Input data:
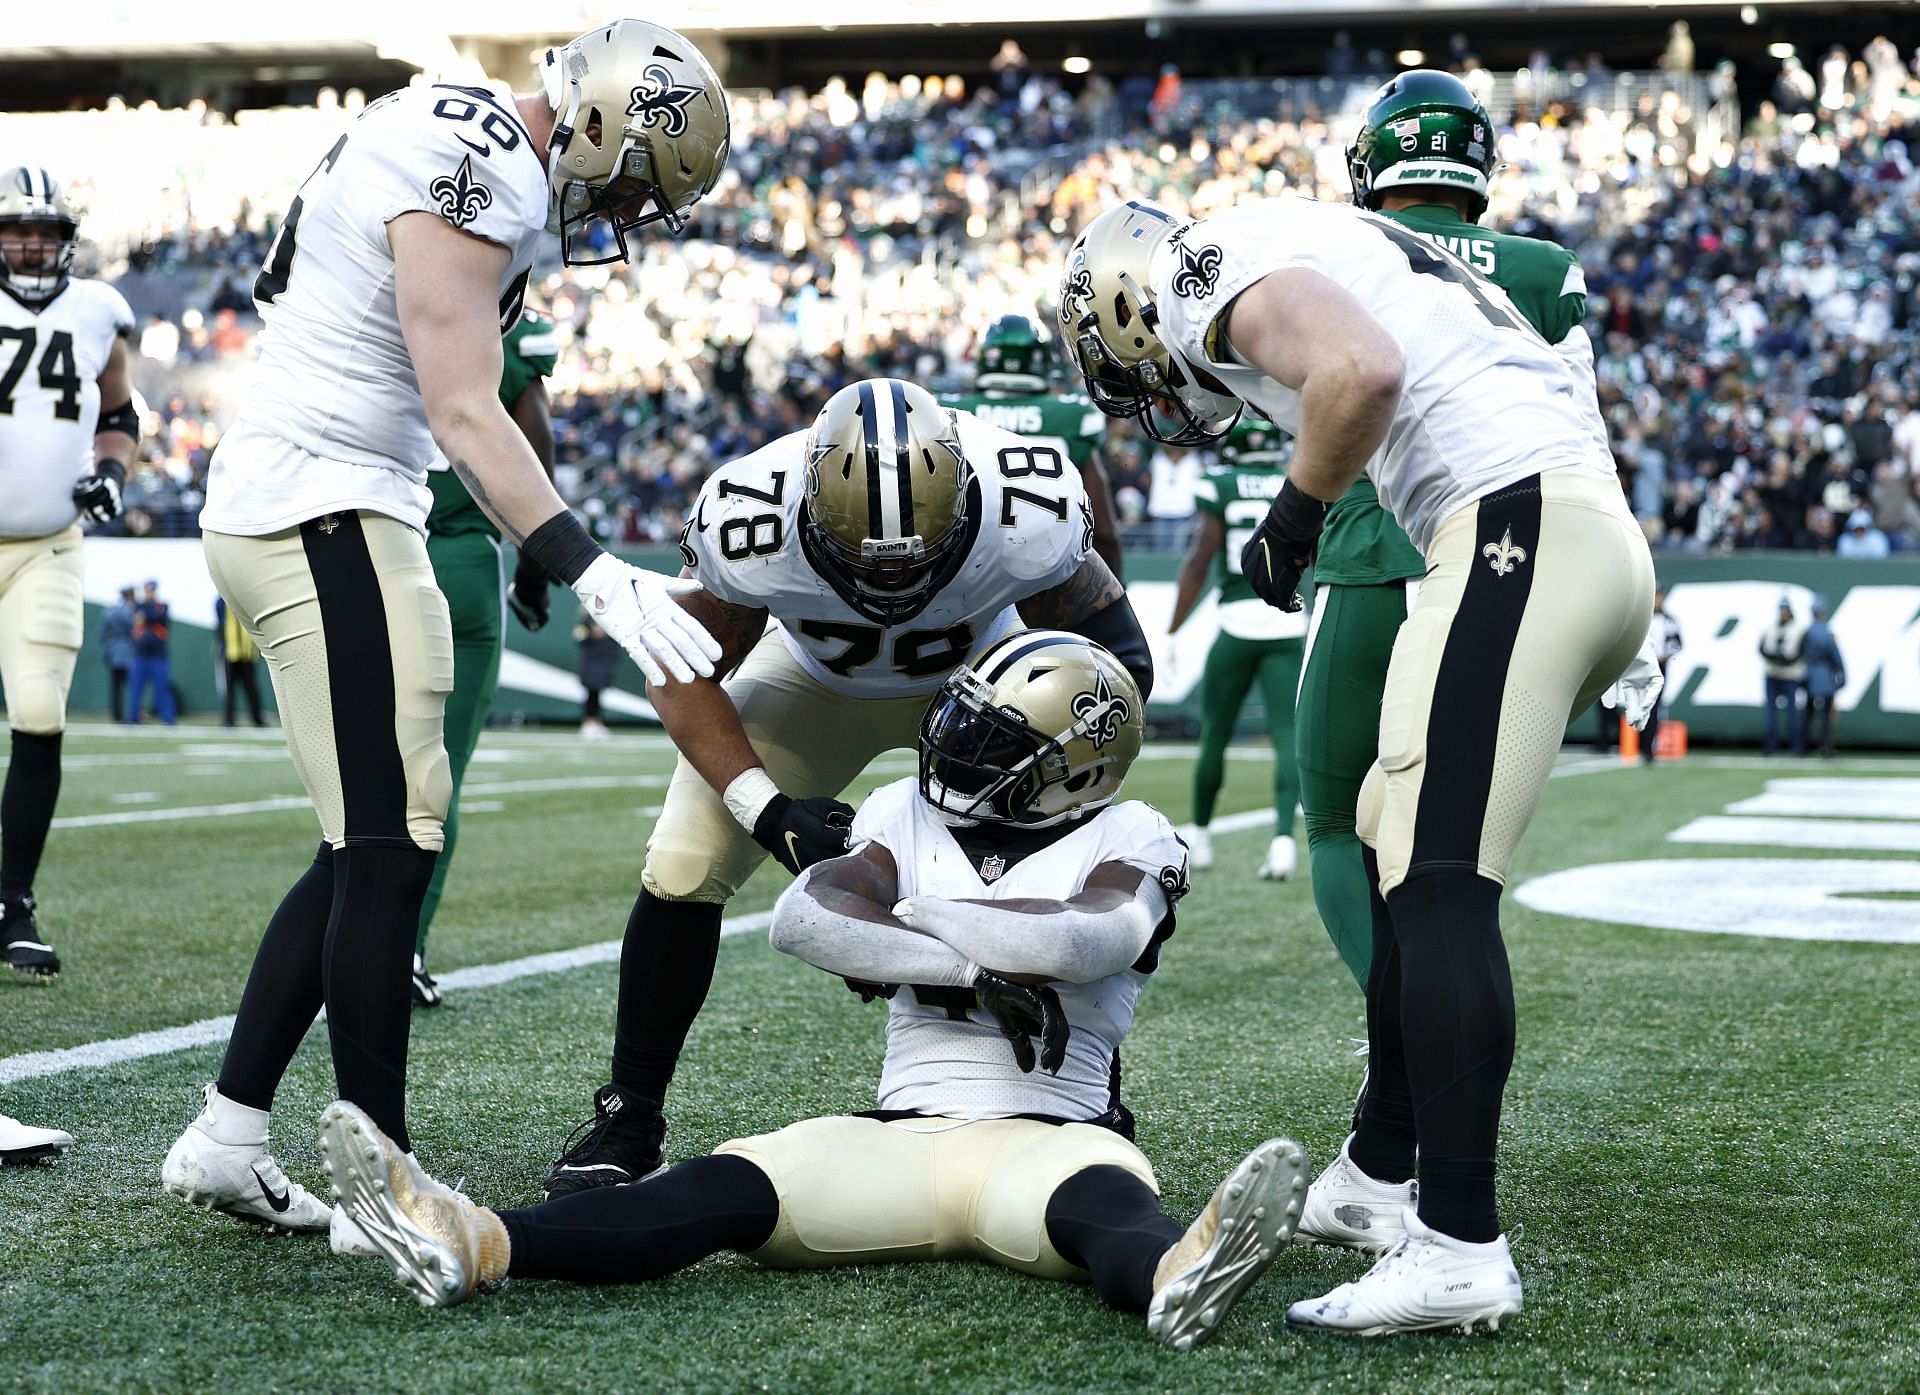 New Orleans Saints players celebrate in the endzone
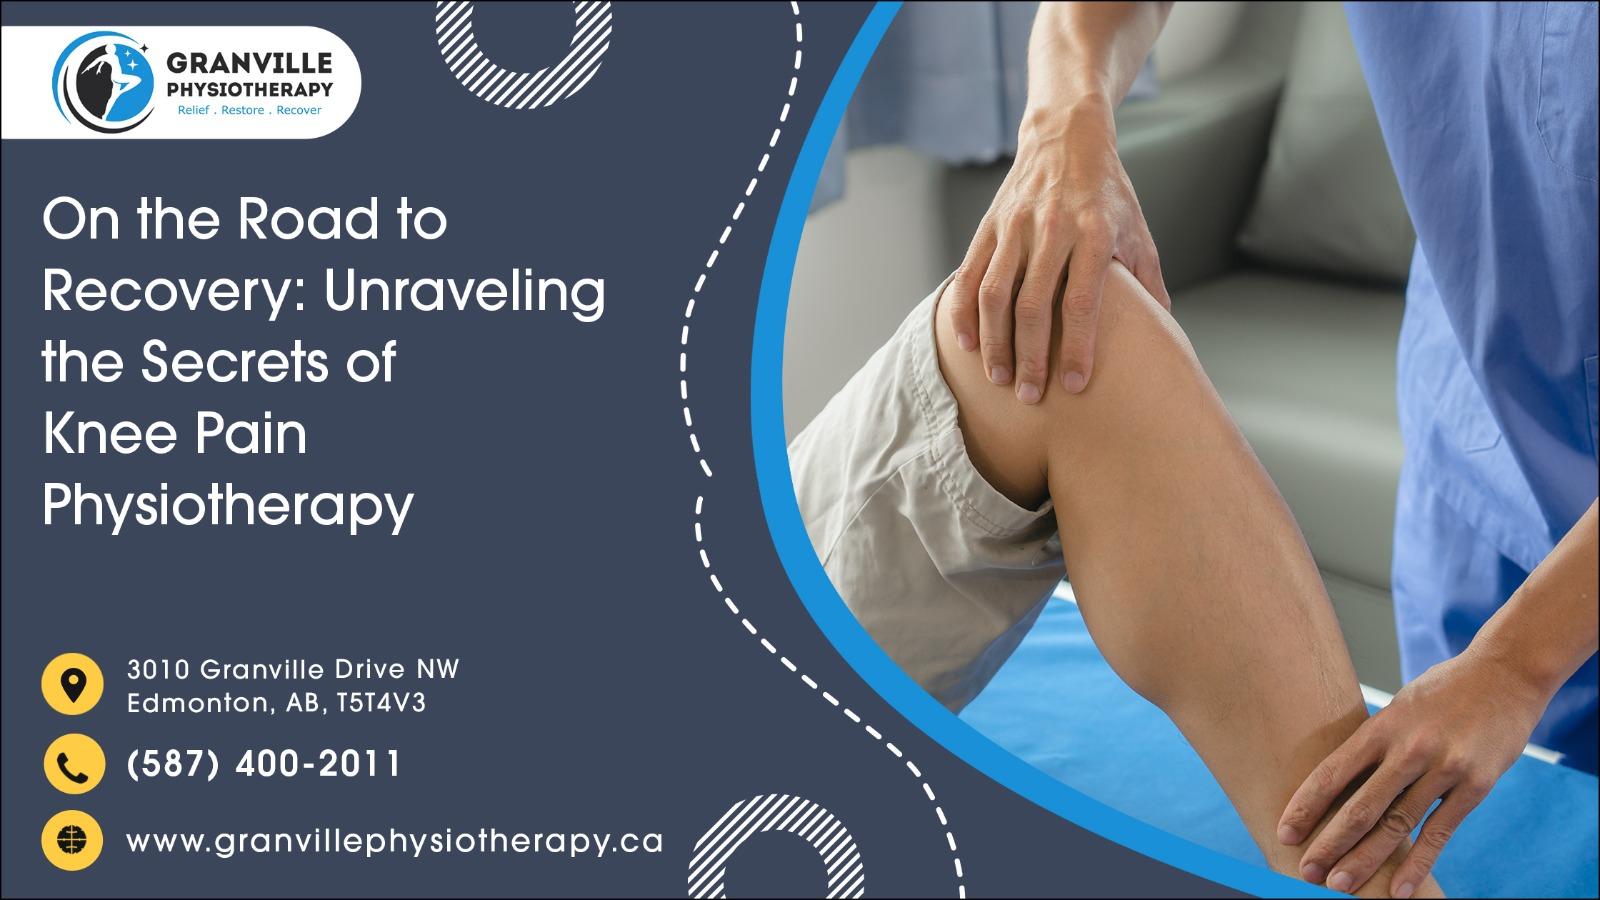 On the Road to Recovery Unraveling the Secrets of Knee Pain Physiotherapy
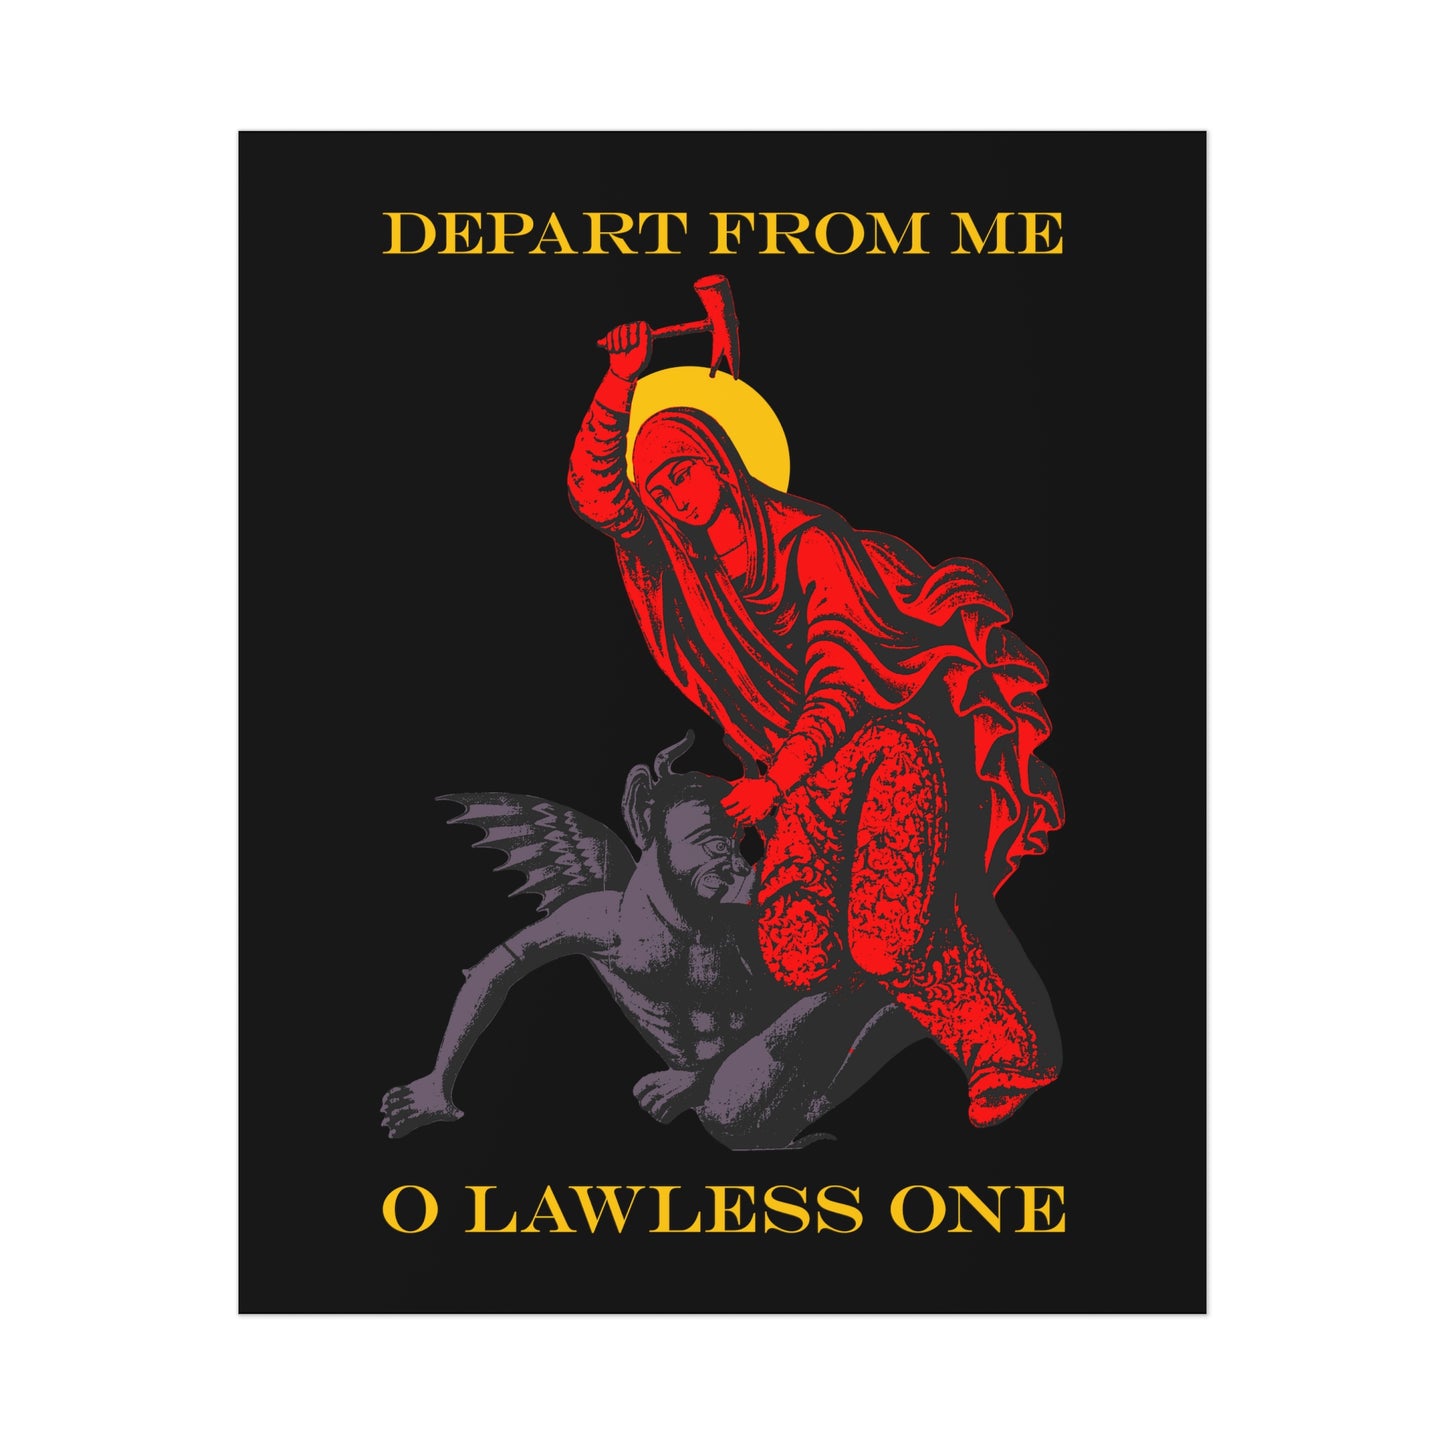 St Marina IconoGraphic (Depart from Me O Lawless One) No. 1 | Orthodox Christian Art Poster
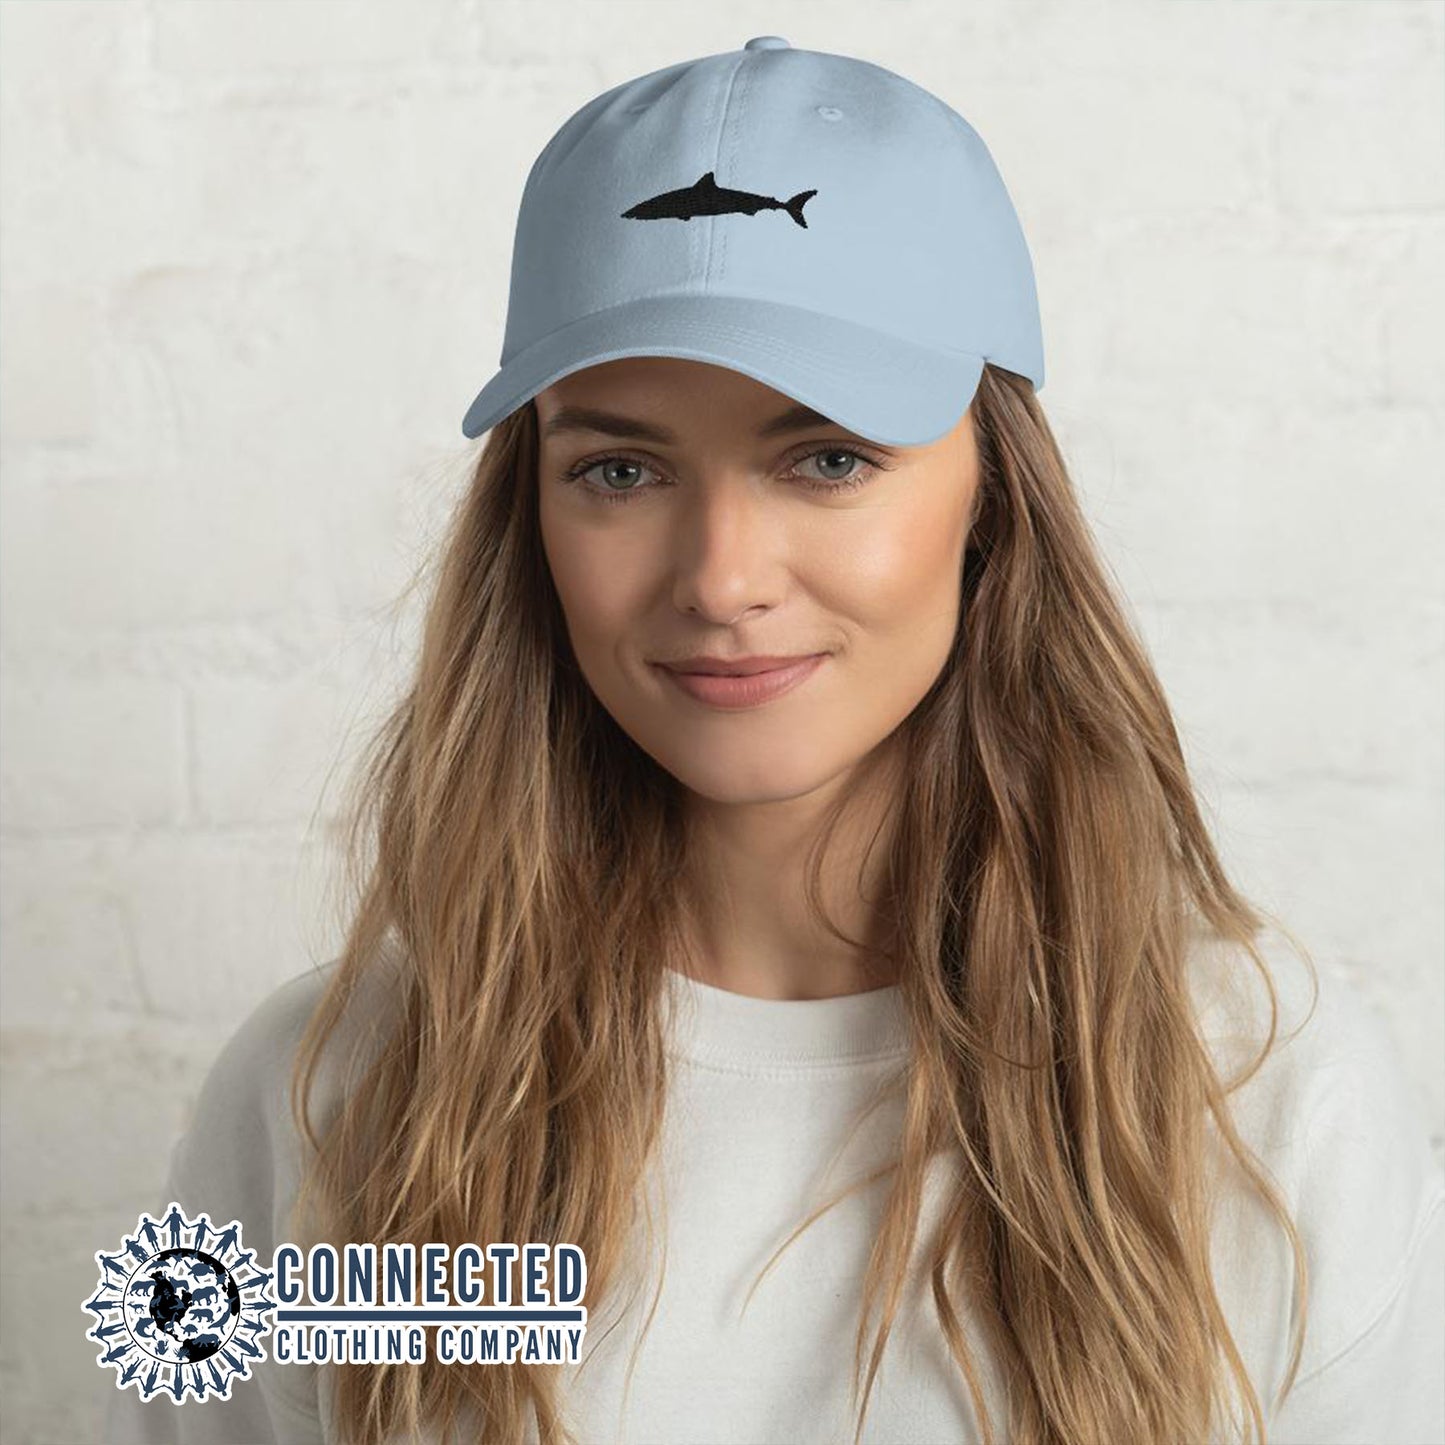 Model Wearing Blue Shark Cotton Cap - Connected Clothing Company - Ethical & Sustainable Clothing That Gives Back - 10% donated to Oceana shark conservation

Problem to solve: All of the lines above must be repeated without alteration, though the pictures are to be excluded.

Exercise solution:
 New Orleans Saints players celebrate in the endzone
 On the Road to Recovery Unraveling the Secrets of Knee Pain Physiotherapy
 St Marina IconoGraphic (Depart from Me O Lawless One) No. 1 | Orthodox Christian Art Poster
 Model Wearing Blue Shark Cotton Cap - Connected Clothing Company - Ethical & Sustainable Clothing That Gives Back - 10% donated to Oceana shark conservation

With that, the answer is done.